Mr. Kardos has plenty of company, some merchants are reporting.
"Everything seems to be condensed into the last few weeks," said Zed Smith, general manager of Westview Mall in Catonsville. "People are holding onto their dollars just a little bit longer this year. They're waiting until the last minute."
Retailers reported continued strong holiday sales this week, and several said they expected a particularly robust surge today.
The last Saturday before Christmas is usually a hectic one. The fact that it's Christmas Eve as well this year could generate even more traffic, merchants said.
In a national survey by business consultancy Arthur Andersen LLP, two-thirds of 750 consumers interviewed last weekend said they still had Christmas shopping to do. A third said they hadn't begun.
That's more procrastinators than normal, said Jay Scansaroli, the partner in charge of Andersen's retail consulting business.
"Maybe it's a sign that people are waiting for value and waiting for markdowns," Mr. Scansaroli said. "I think retailers are going to finish with a strong weekend."
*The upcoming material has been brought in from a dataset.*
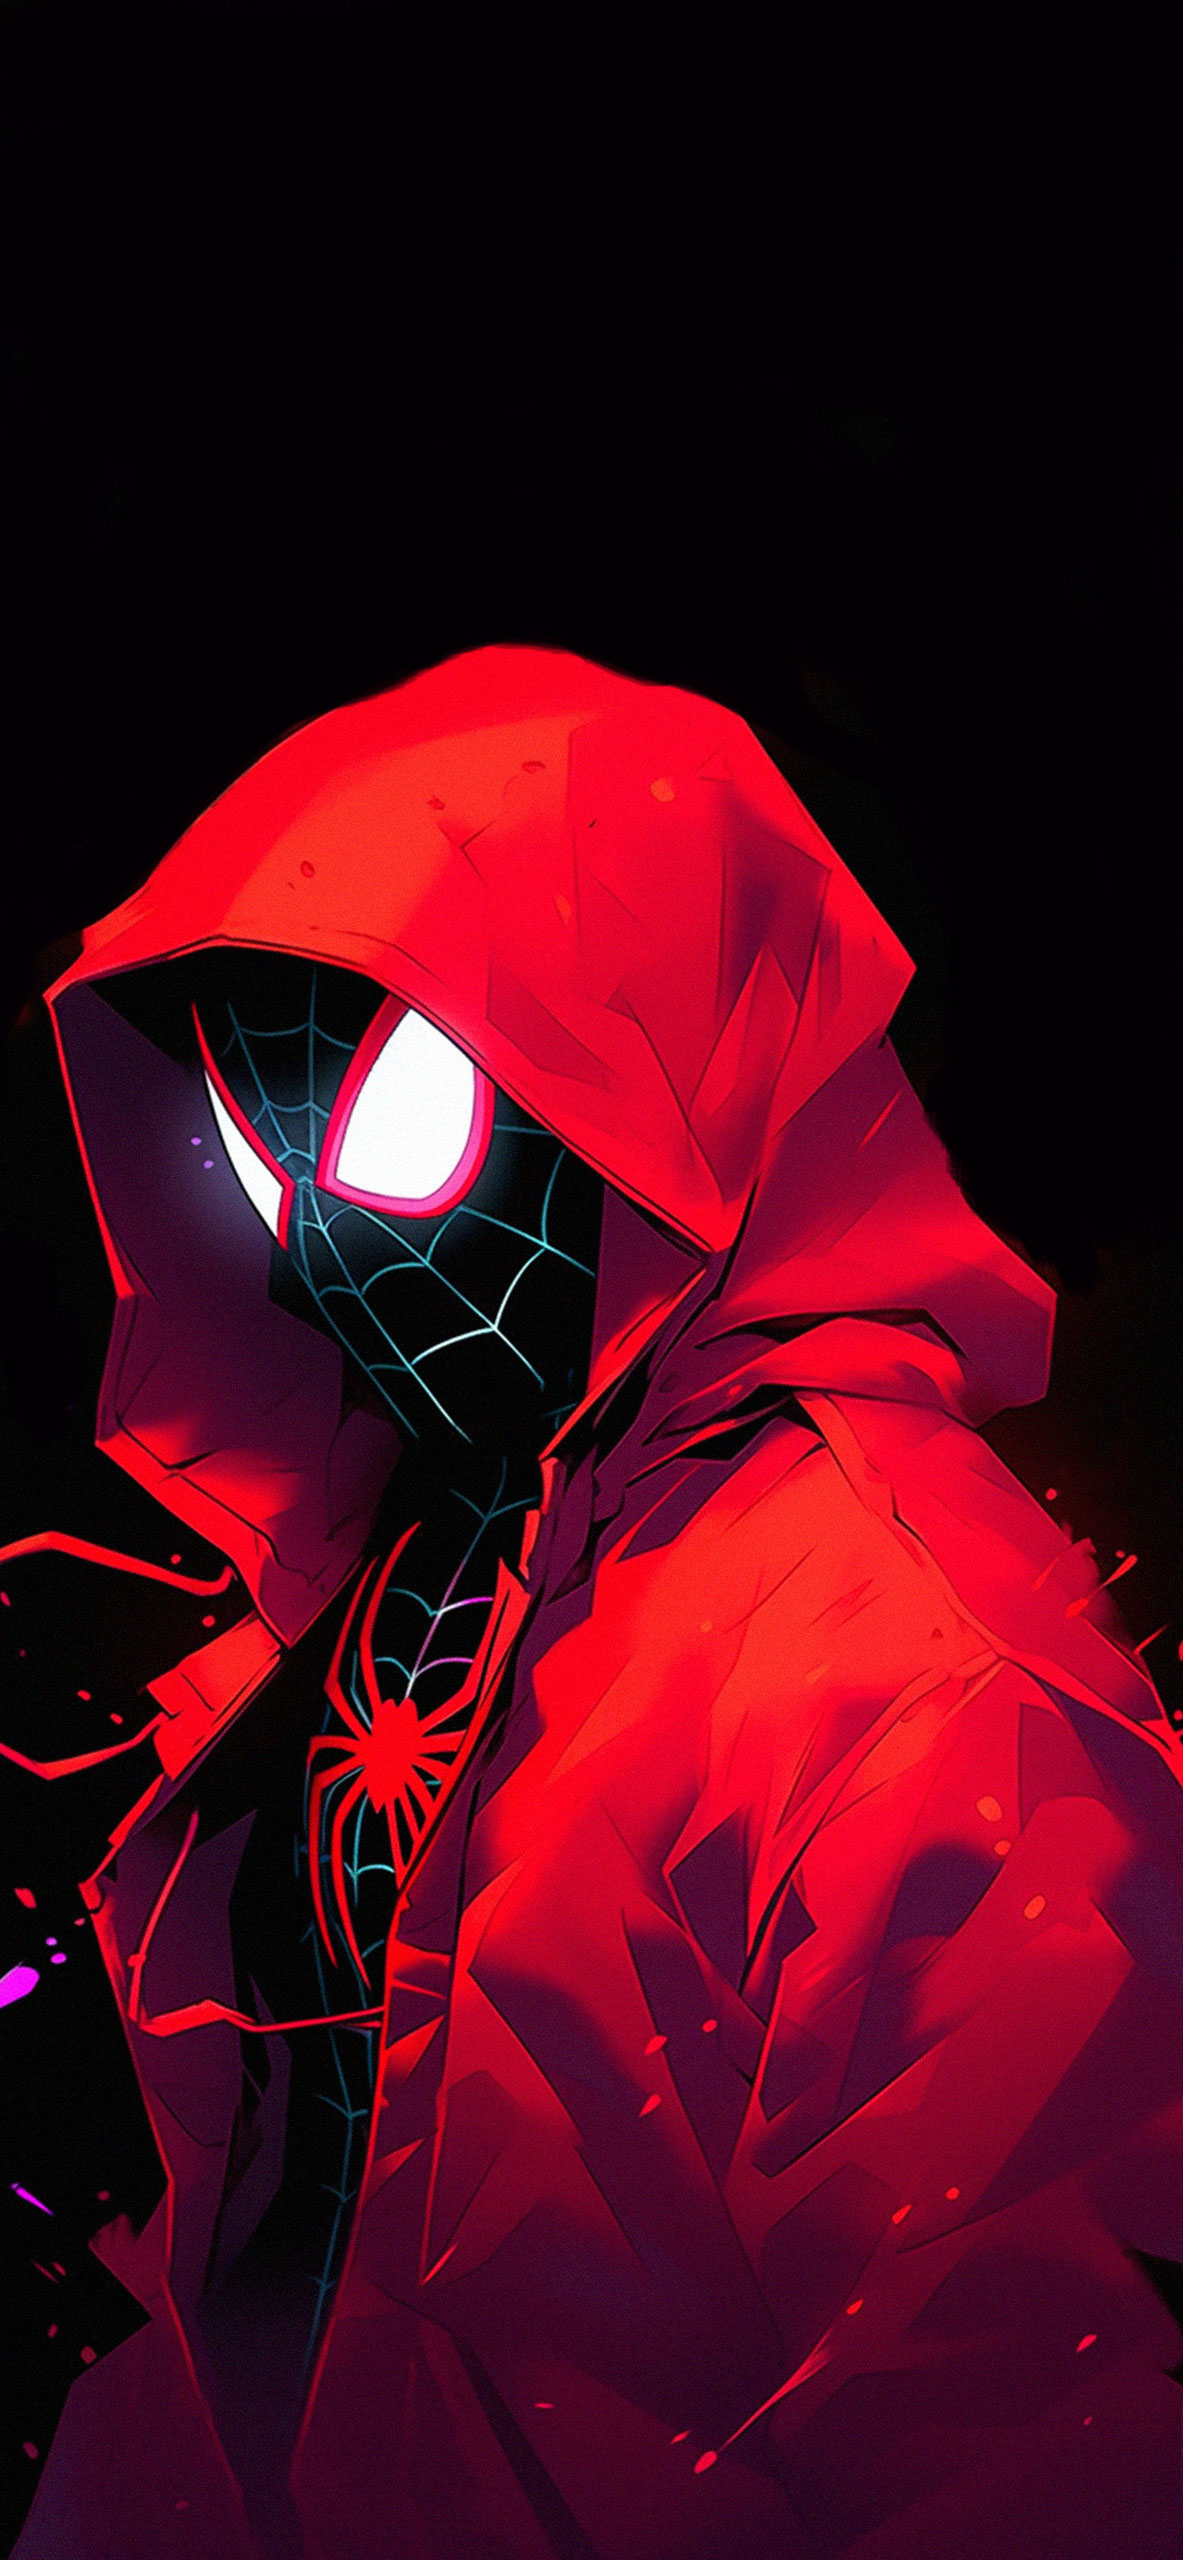 Spider Man in the hood black wallpaper Marvel amoled aesthetic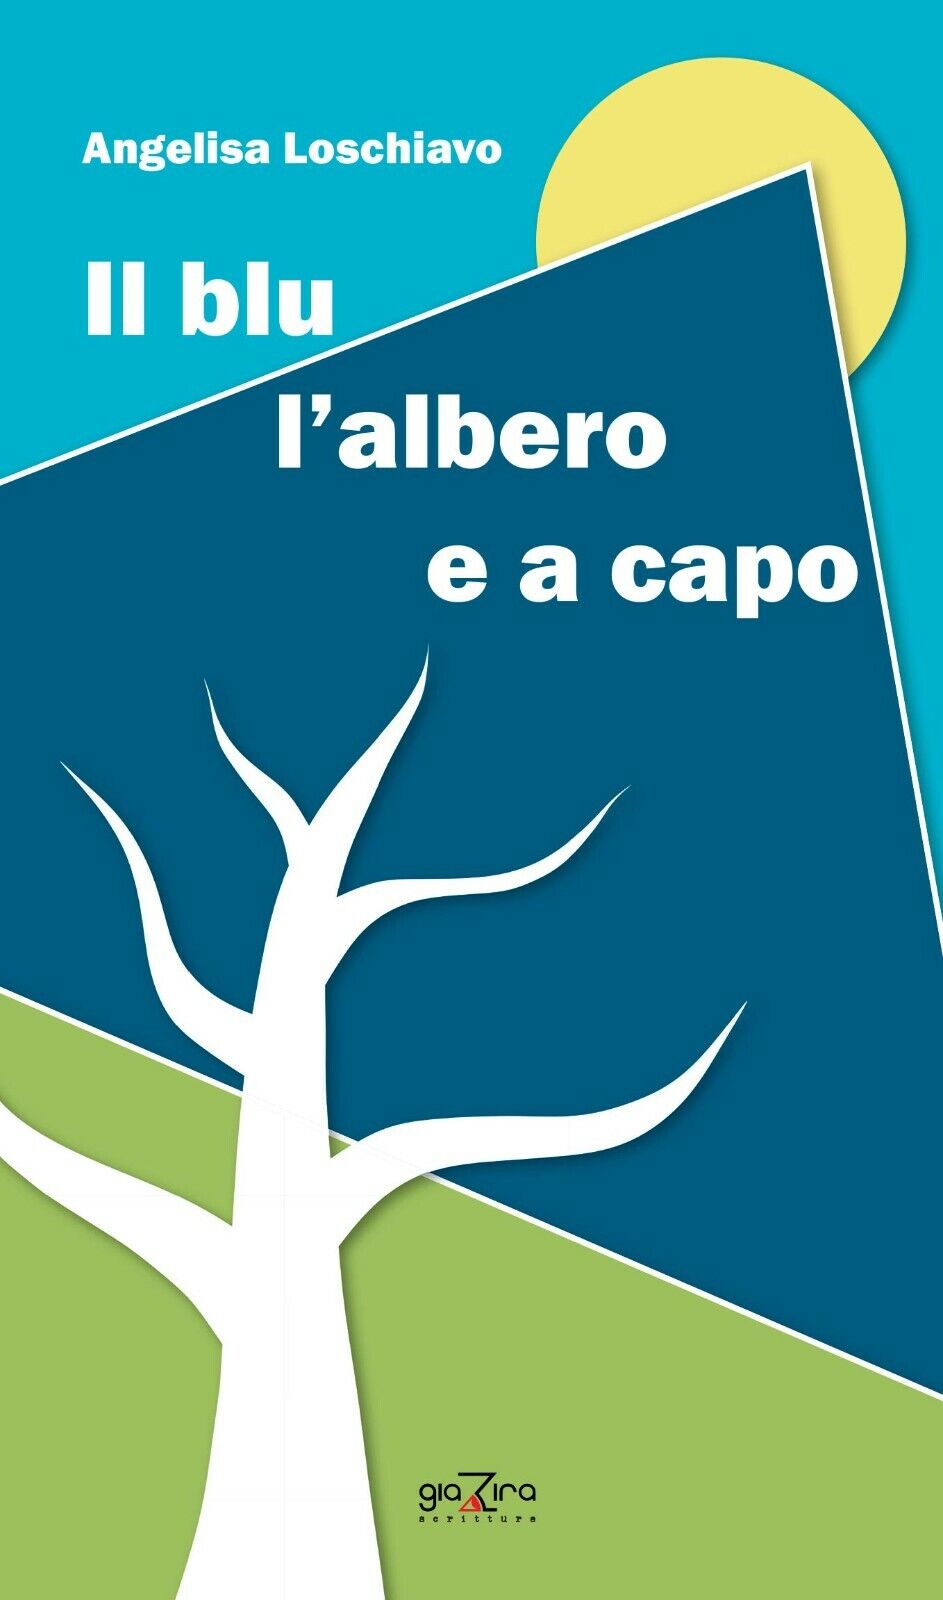 Il blu L'albero e a capo - Angelisa Loschiavo - Giazira - 2020

If shoppers have been waiting for markdowns, they've been amply rewarded. Maryland newspaper and TV operators have reported strong ad revenue this year, and many of those spots have featured discounts of 50 percent and more on everything from jewelry to topcoats.
The promotions will keep profit margins lower than they otherwise would have been.
Store managers and mall operators continue to expect average holiday sales increases this year of between 4 percent and 6 percent or more, which is considered a healthy rise.
"I feel very comfortable that we're talking at least a 6 to 8 percent increase," said Karen Pospisil, marketing manager for White Marsh Mall.
But some stores experienced a mid-December slump, reporting that recent weeks didn't match a flurry of buying that came in the first 10 days after Thanksgiving.
"There's been some softening the last couple of weeks," said Tom Saquella, president of the Maryland Retail Merchants Association. "We projected a 5 percent increase. It's going to take a pretty strong final week to reach that."
One possible reason: Hanukkah came early this year, starting Nov. 27, the Sunday after Thanksgiving.
Some items haven't stopped moving, however. Jewelry, computers and toys continue to sell briskly, store operators said.
"We're significantly ahead of plan -- significantly," said Jerry Greenberg, general manager of the CompUSA computer store in Towson. "It's going great."
Apparel sales aren't booming, but they're still much healthier than last year, merchants said. The cold weather of recent weeks helped spur checkouts of coats, boots and gloves.
Mr. Saquella is skeptical that a blockbuster Saturday will make up for the mid-December blahs that some retailers saw. Many stores will close at 6 or 7 p.m. today, silencing the cash registers early, he noted. And the predicted rain for the area wouldn't help.
"It's going to be interesting to see how Saturday plays out," Mr. Saquella said.
But others aren't worried.
"No matter what it is, everybody figures out at the last minute what they want," said Steven Baum, president of Greetings & Readings, a large book-and-card store in Towson. "So far, knock on wood, it's been a great season."